Growth of bank holding companies One of the first significant changes BANKING BOOKS 2017-2018 was the growth of bank holding companies, which are companies that hold stock in one or more banks and may have certain other ownership interests as well. Although such companies were first formed in the early 1900s, most of the growth in holding companies has been fairly recent. Outside of some mild restrictions in the Banking Acts of 1933 and 1935, the first time bank holding companies received much legislative attention was in the 1950s. Only a handful of banking organizations were ready to capitalize on the holding company structure then. Several of those organizations, though, were able to use holding companies to create sizeable interstate banking and nonbanking networks, thus circumventing branching and business restrictions imposed on banks. This expansion prompted Congress to pass the Bank Holding BANKING STUDY MATERAILS Company Act in 1956, which placed the formation of multibank holding companies and their acquisition of banking and nonbanking interests under the control of the Federal Reserve. Under this act, bank holding companies could not acquire banks in other states unless specifically authorized by state law. Furthermore, any nonbanking activities of a bank holding company had to be closely related to the business of banking.

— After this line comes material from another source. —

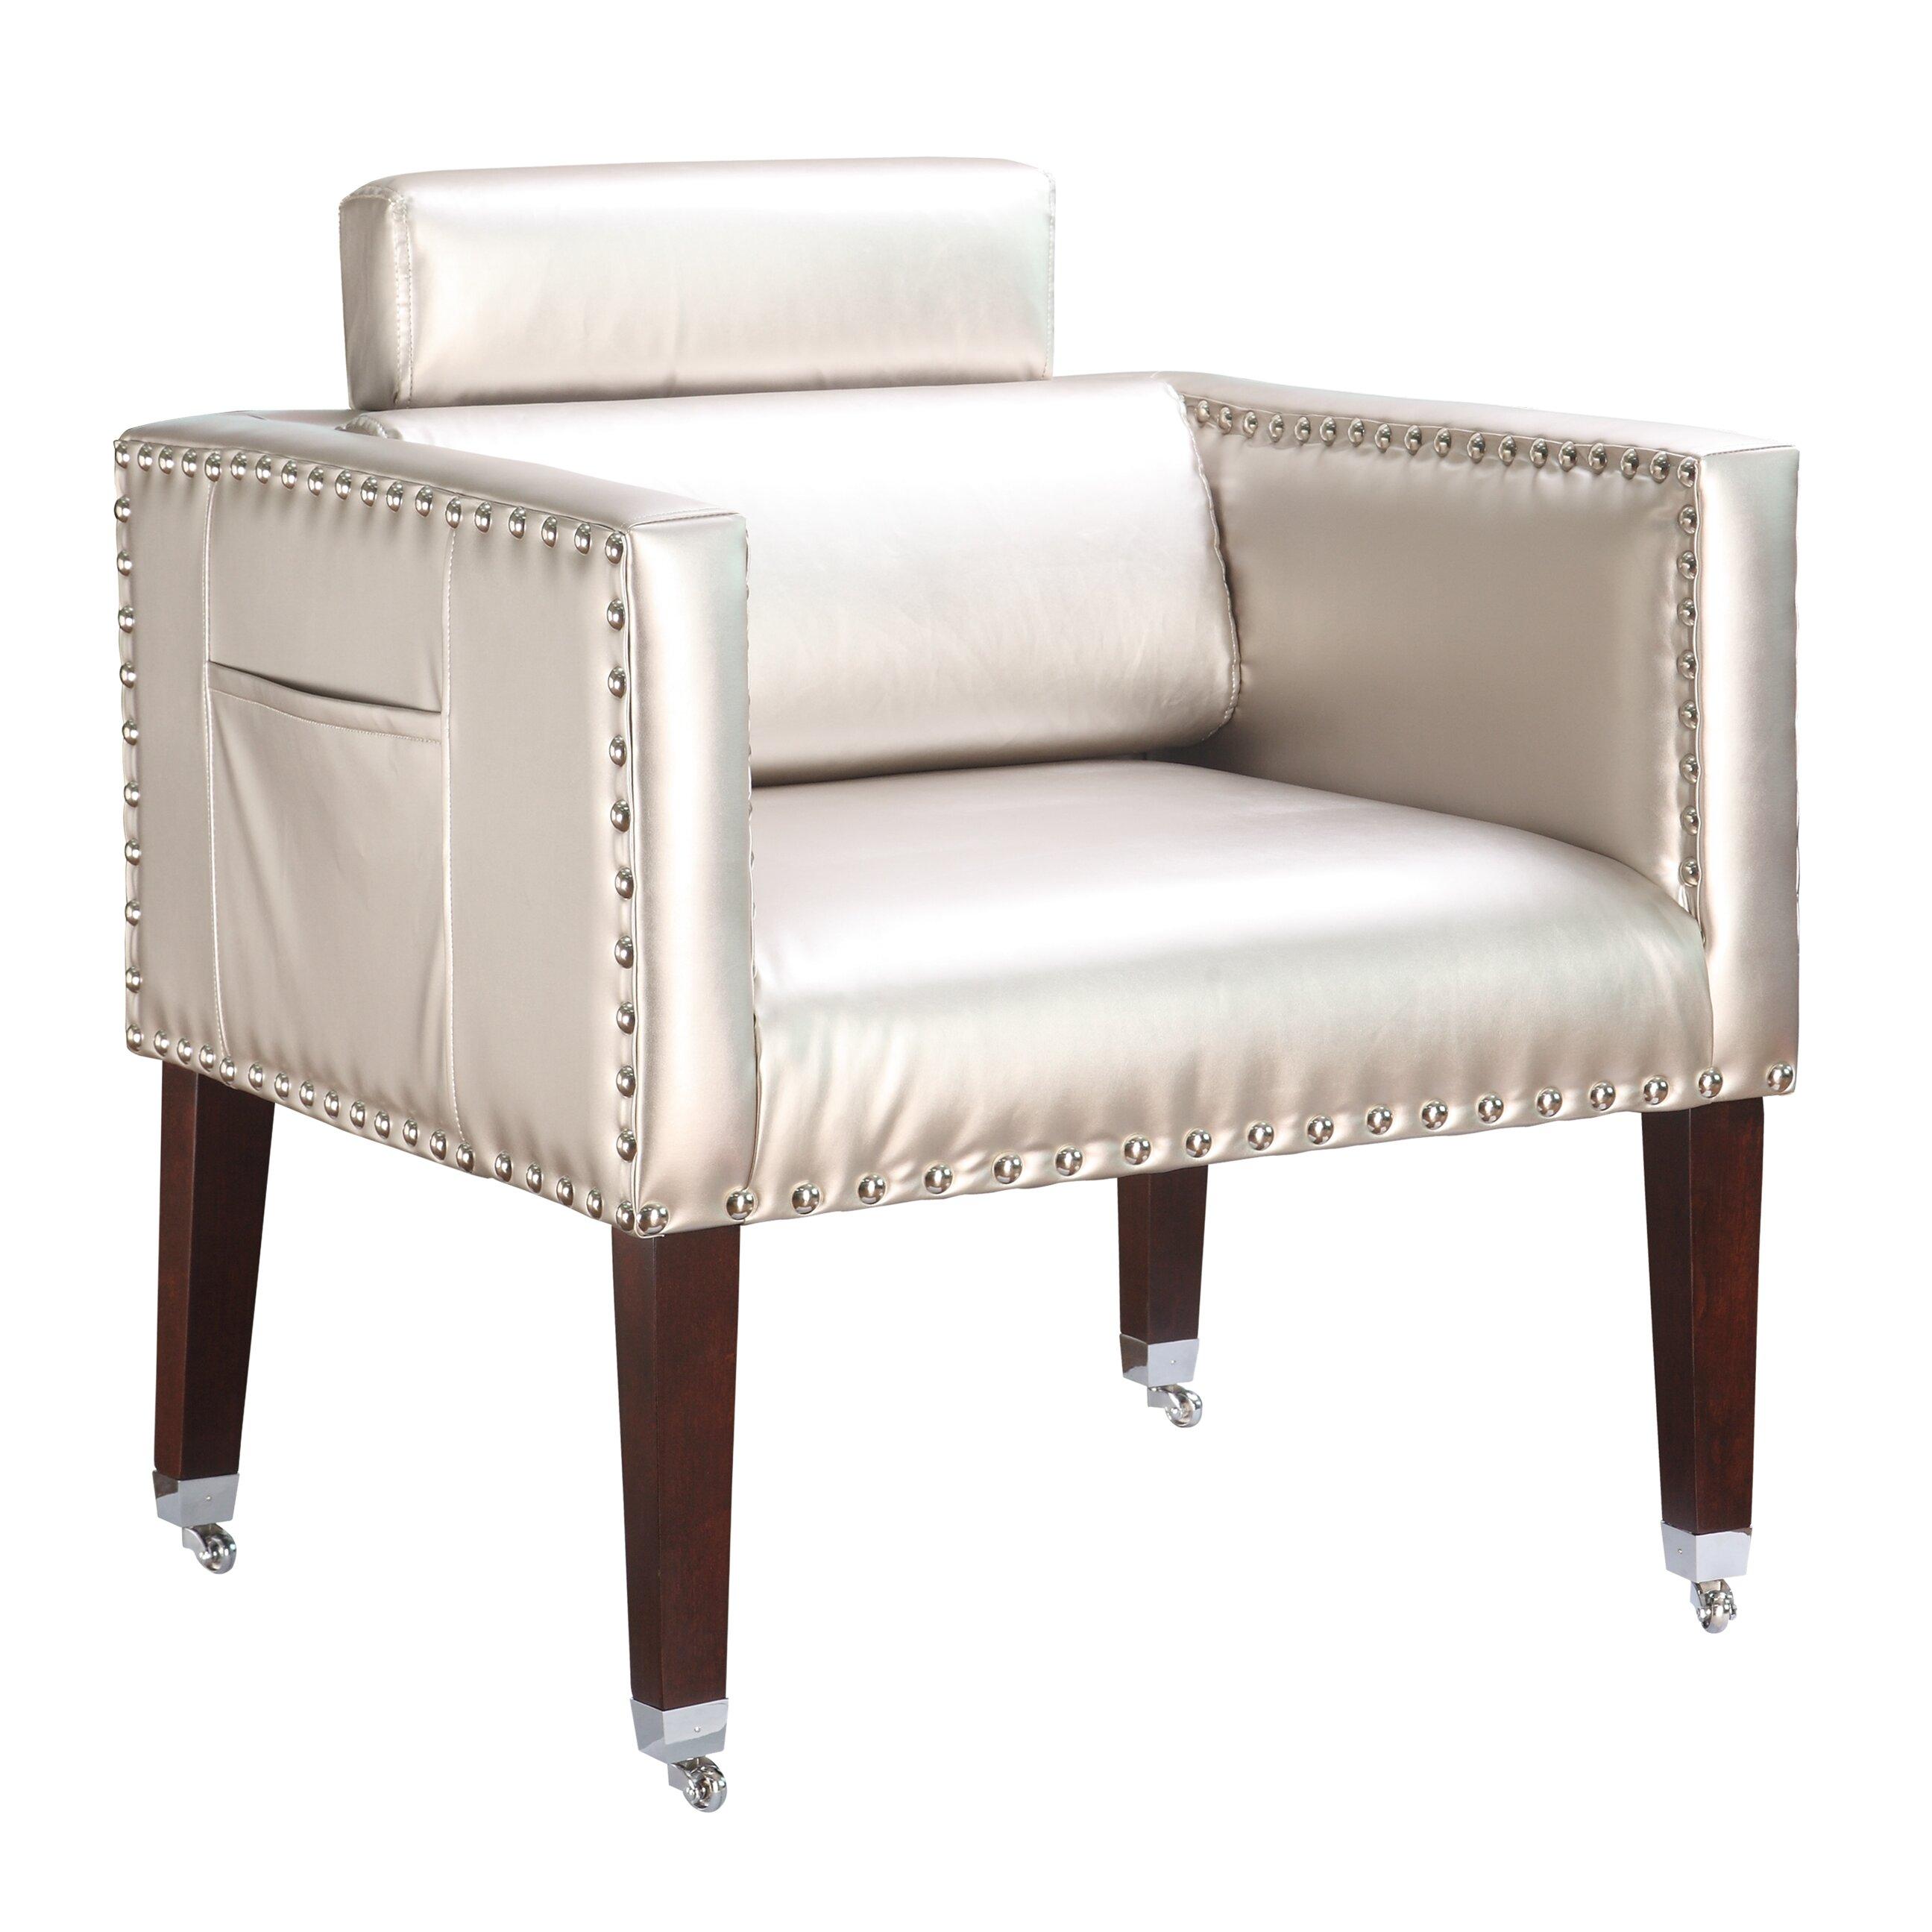 Silver Metallic Vinyl Accent Chair: Winmark Silver Dentist Vinyl Lounge Chair

With this regulatory framework in place, large bank holding EXAM PREPARATION & TUTORING companies continued to expand their banking and permissible non banking activities, thereby leading the way to significant consolidation in the banking industry. Small and medium-sized banks also began making greater use of the holding company structure. Much of this interest was prompted by a 1971 tax ruling. This ruling permitted stockholders of closely controlled bank holding companies to service bank acquisition indebtedness with tax-free dividends from the bank. In response to such factors, holding companies have become, FREE DOWNLOAD FOR PDF by far, the most common form of bank ownership, with over 96 percent of all bank deposits under holding company control at year-end 1999.{GOOGLEADS} With bank holding companies coming under federal supervision, Congress also sought to place decisions on bank expansion through mergers under the control of the regulatory authorities. The Bank Merger Acts of 1960 and 1966 gave the surviving bank’s primary federal supervisor and the Department of Justice authority over bank mergers. To provide a consistent approach to holding company and merger decisions, Congress extended the same competitive and public benefits standards to both types of transactions.